**Task statement**
Give the lines again exactly as they appear below, from the line with "A pile of screwdriver bits" to the line with "Res: 2000x1125, Jurassic", both included, and only those lines. Leave every picture out.

**Information provided**
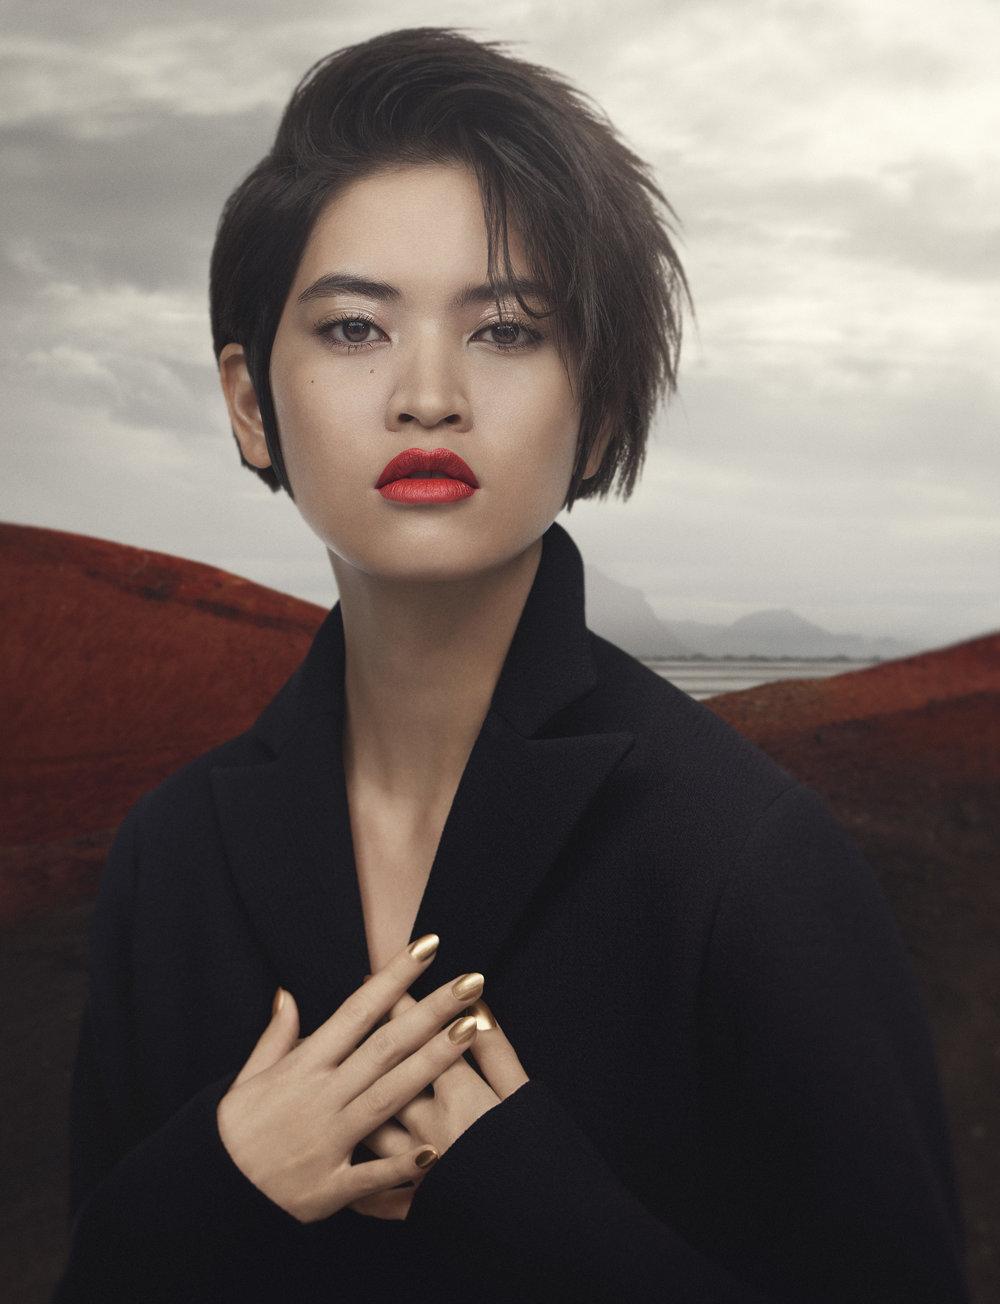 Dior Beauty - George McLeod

* * *

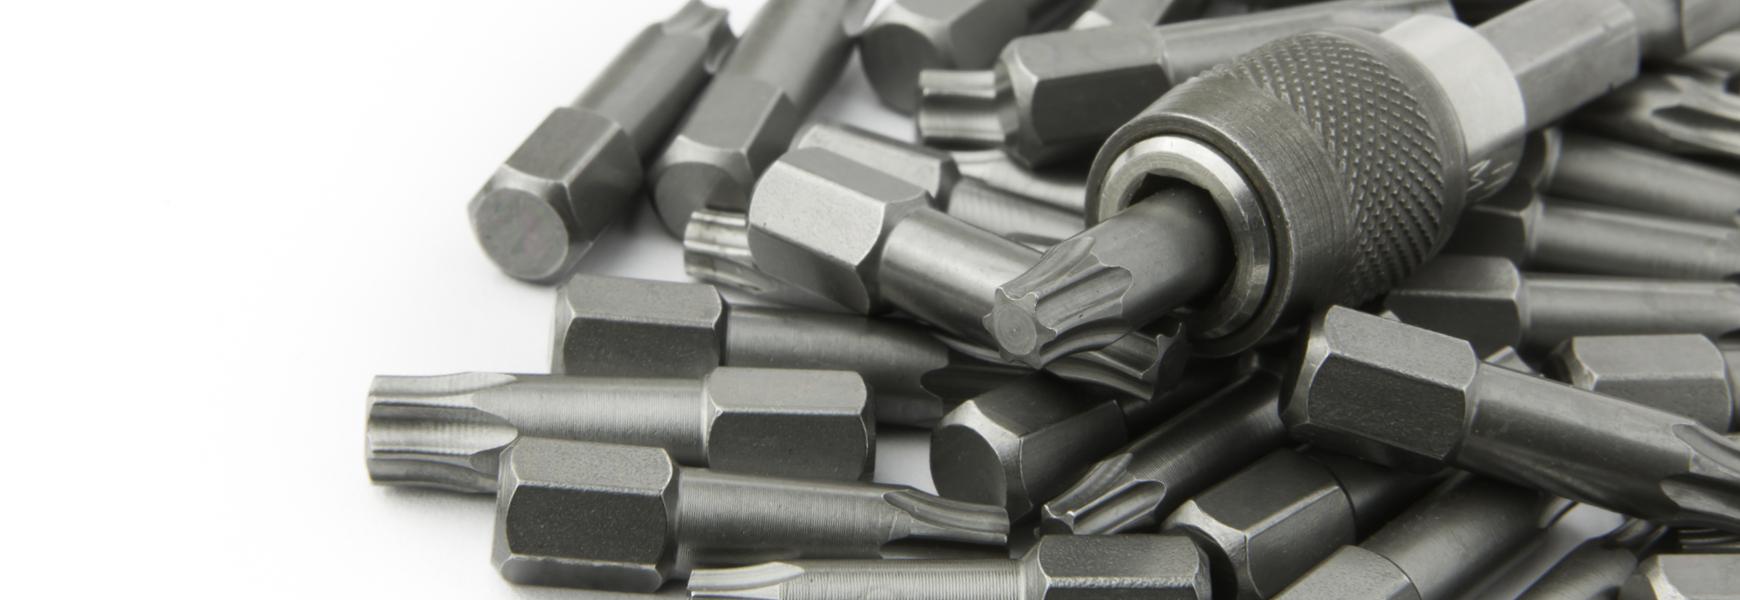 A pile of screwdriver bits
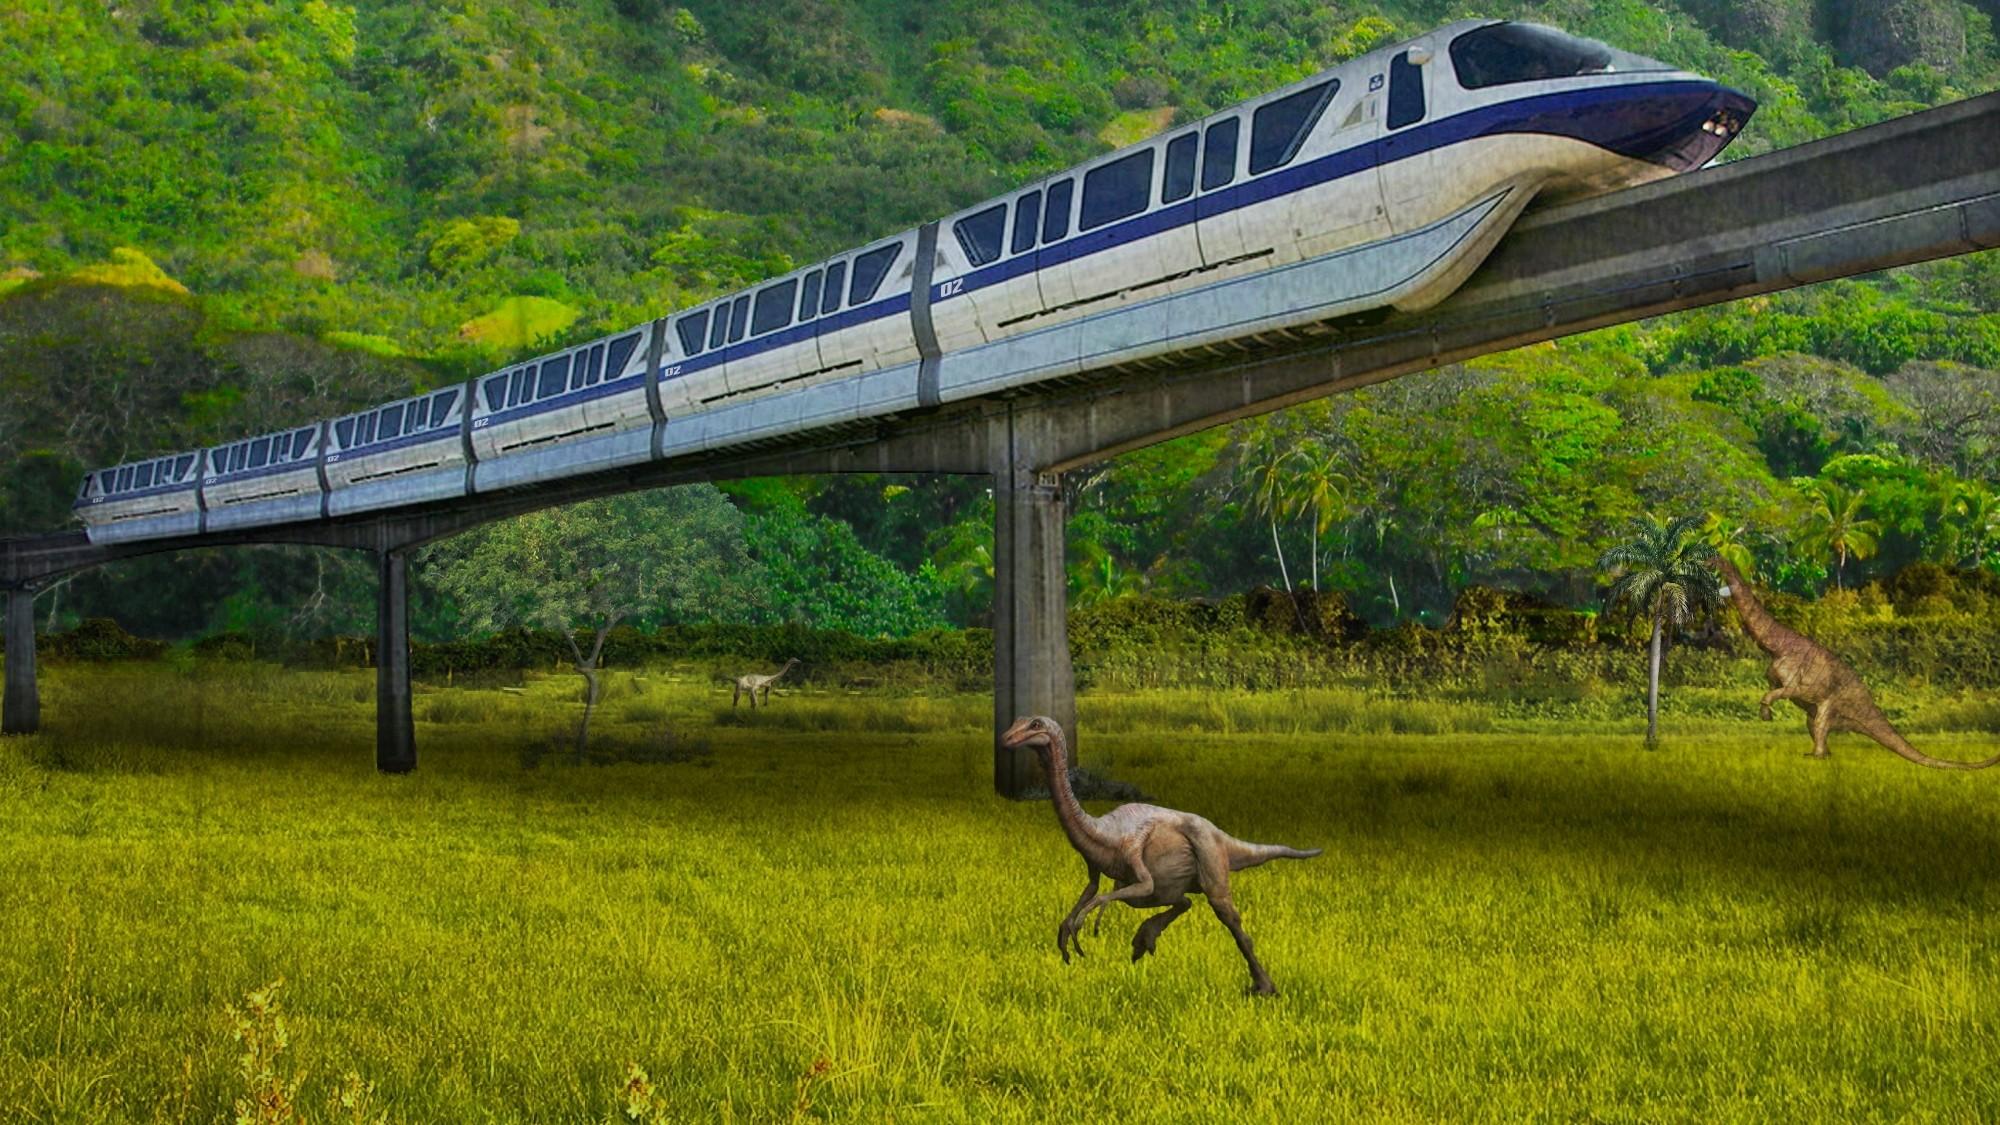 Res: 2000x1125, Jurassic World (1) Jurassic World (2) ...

**Result of this exercise**
 A pile of screwdriver bits
 Res: 2000x1125, Jurassic World (1) Jurassic World (2) ...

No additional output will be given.